What needs to be done. Using the listing below, please print exactly the lines from the one with "Jusqu'à CHF 100.- de" through the one with "Vivid Diamonds 32". Leave out every picture.

Raw data.
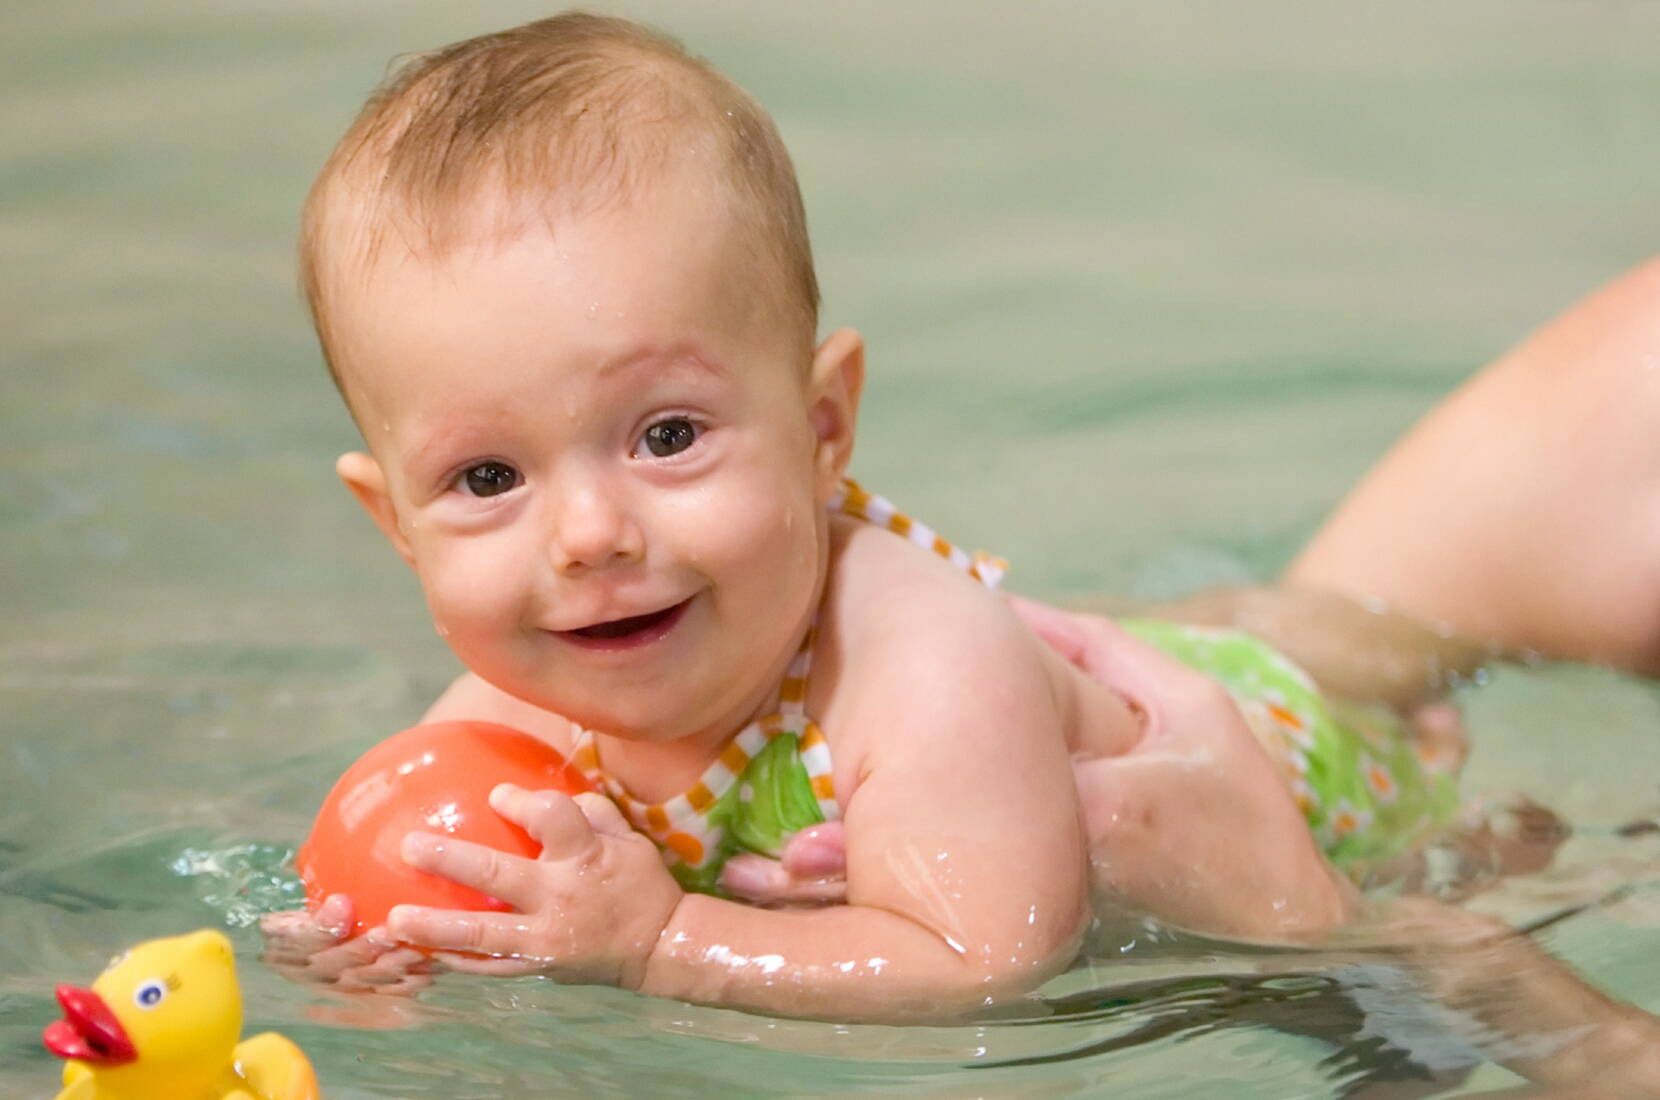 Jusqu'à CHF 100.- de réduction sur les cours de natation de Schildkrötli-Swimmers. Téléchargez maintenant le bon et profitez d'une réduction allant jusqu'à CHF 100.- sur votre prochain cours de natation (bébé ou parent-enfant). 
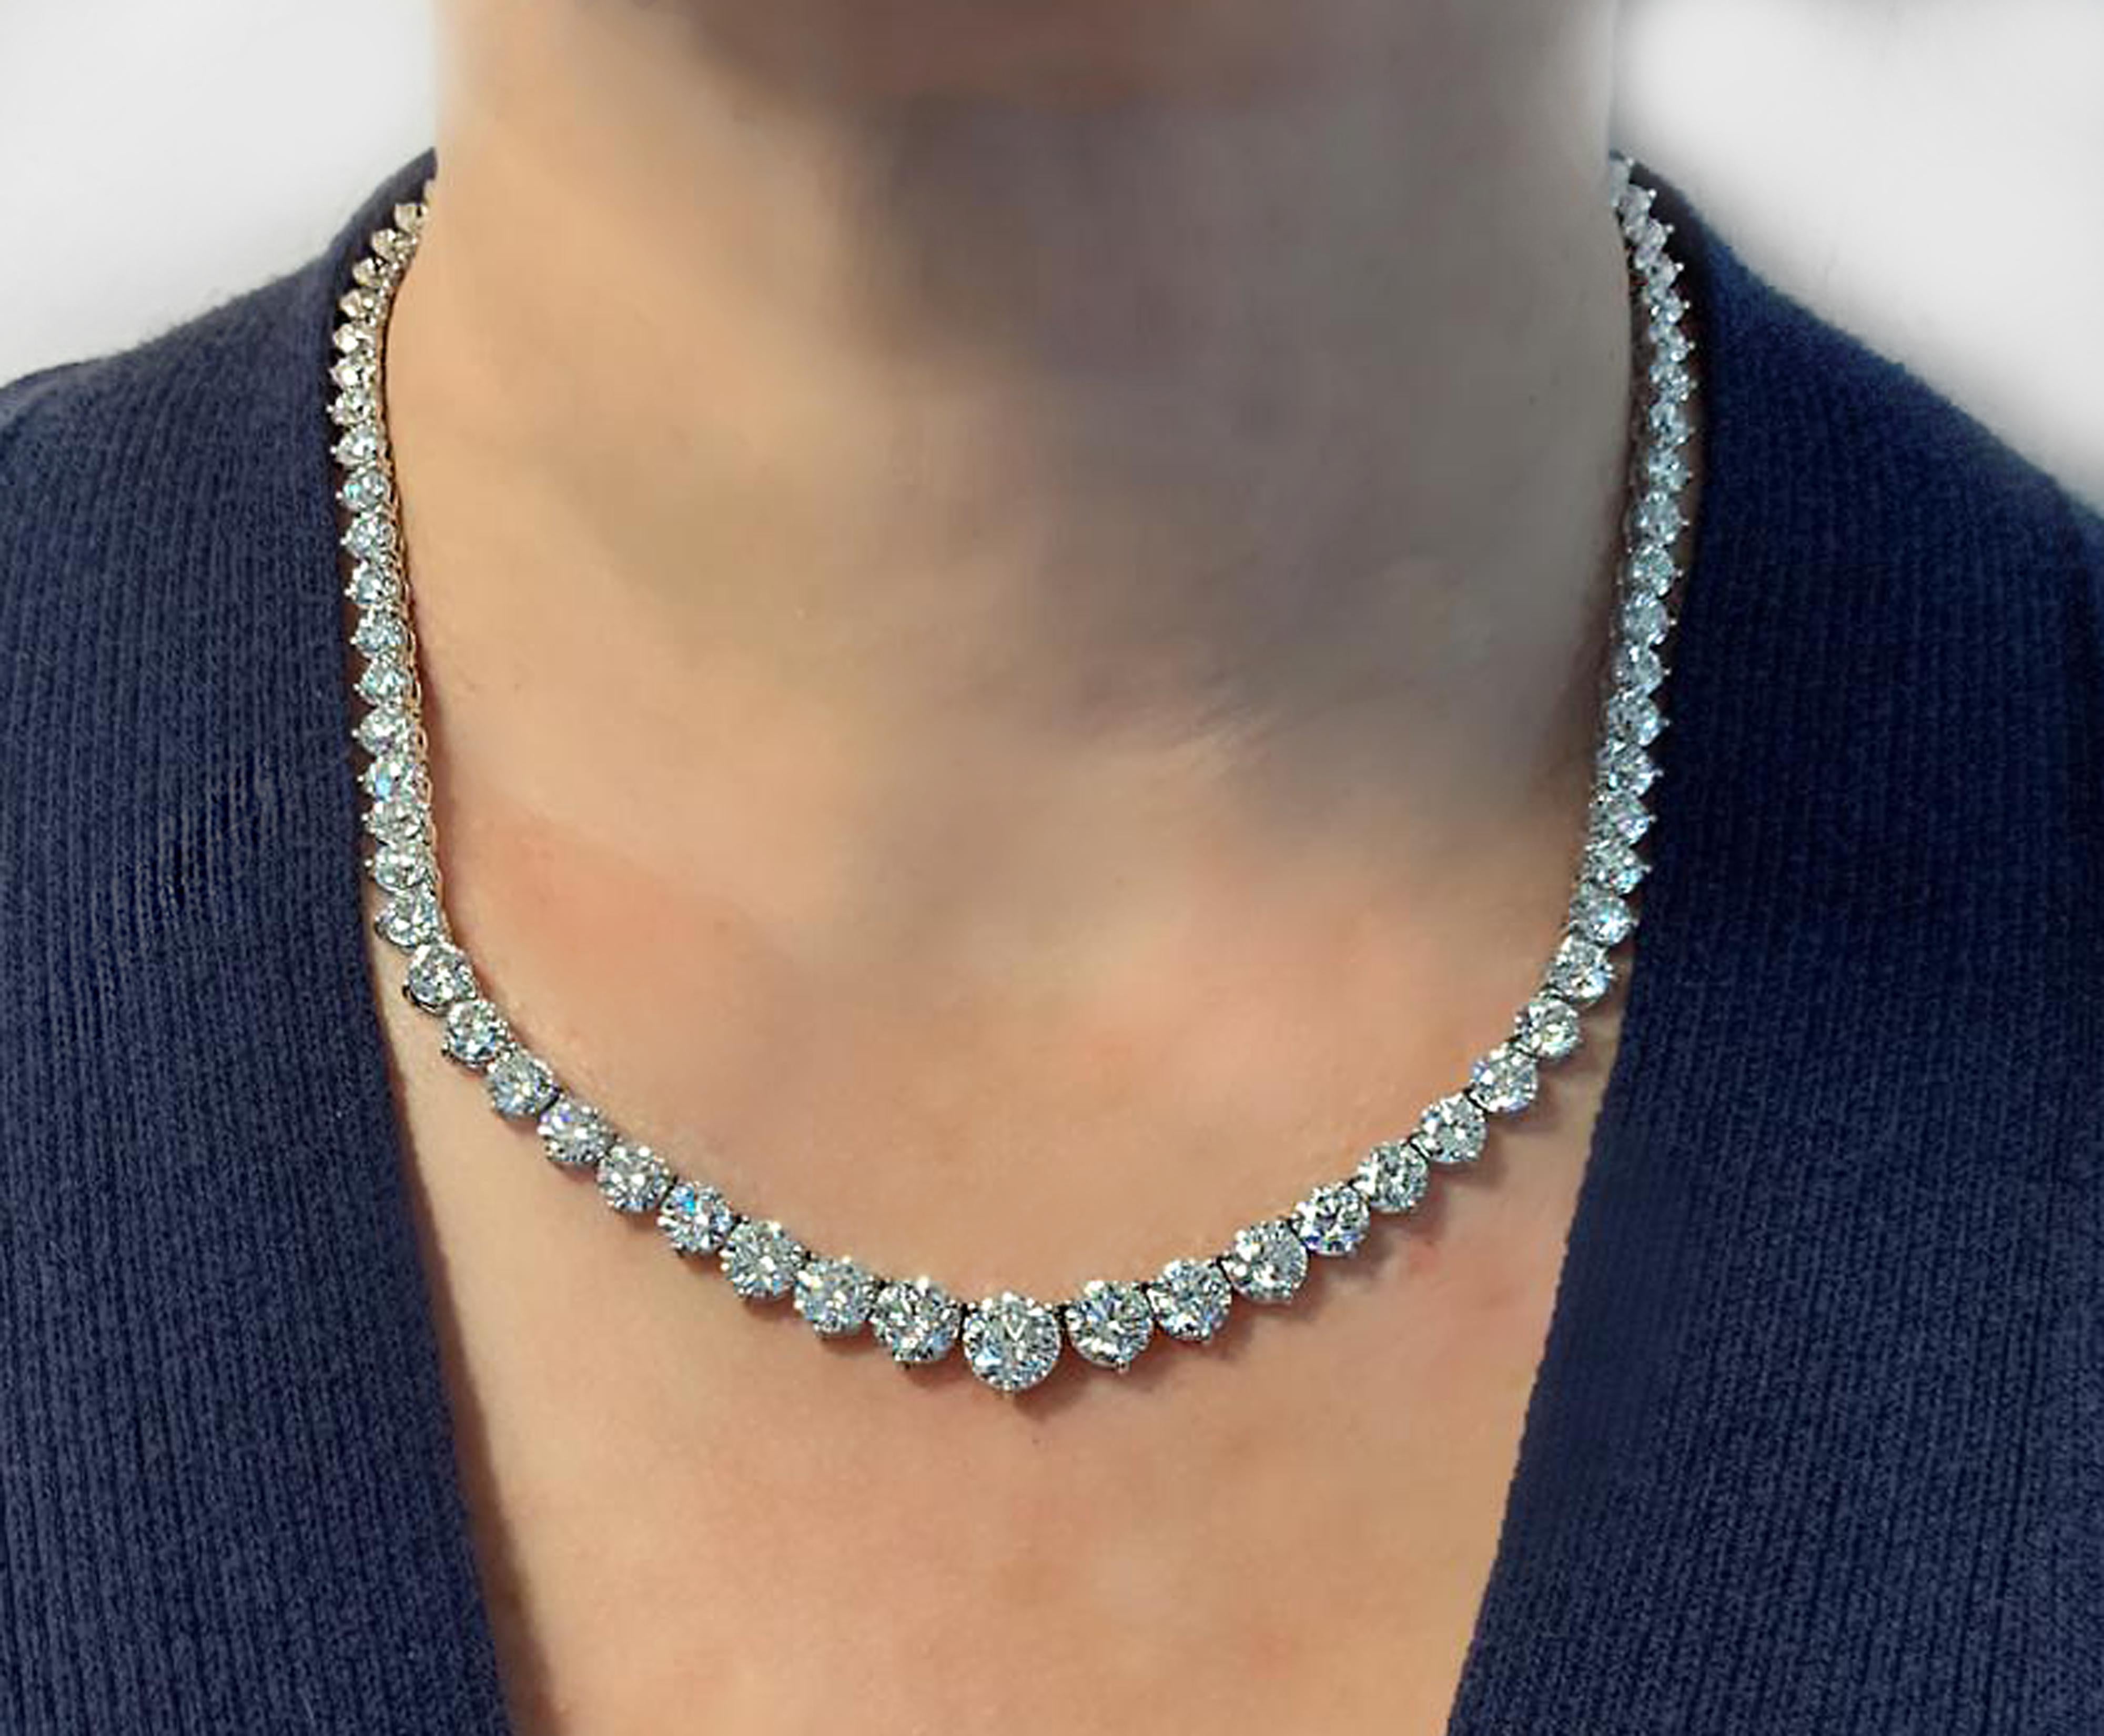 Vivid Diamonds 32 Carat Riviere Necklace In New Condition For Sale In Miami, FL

==

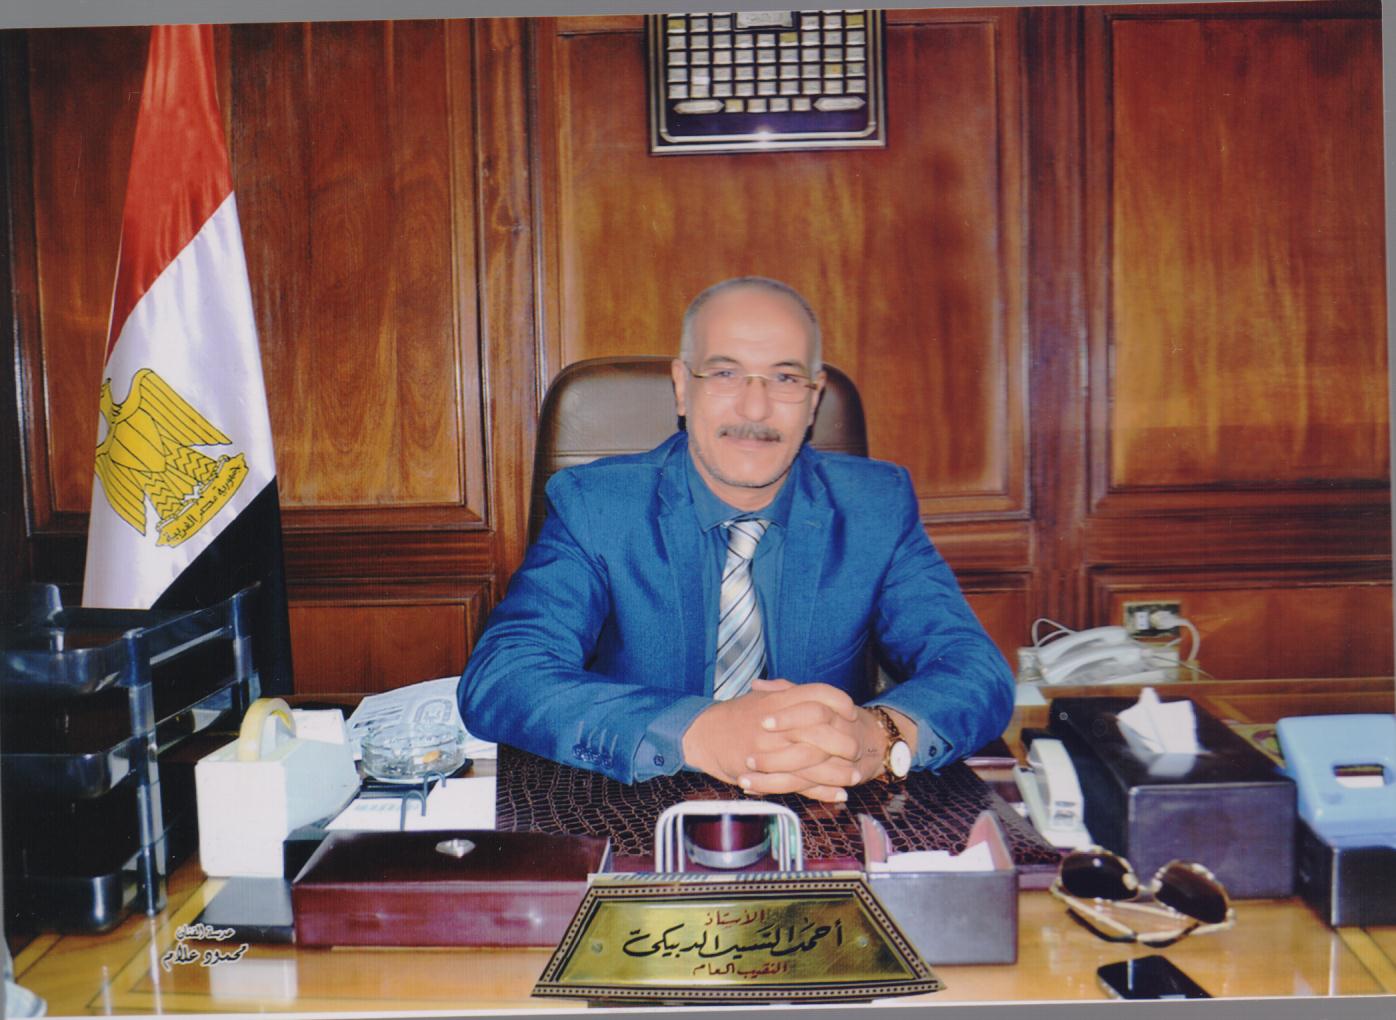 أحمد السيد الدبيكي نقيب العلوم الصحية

Solution to the problem.
 Jusqu'à CHF 100.- de réduction sur les cours de natation de Schildkrötli-Swimmers. Téléchargez maintenant le bon et profitez d'une réduction allant jusqu'à CHF 100.- sur votre prochain cours de natation (bébé ou parent-enfant). 
 Vivid Diamonds 32 Carat Riviere Necklace In New Condition For Sale In Miami, FL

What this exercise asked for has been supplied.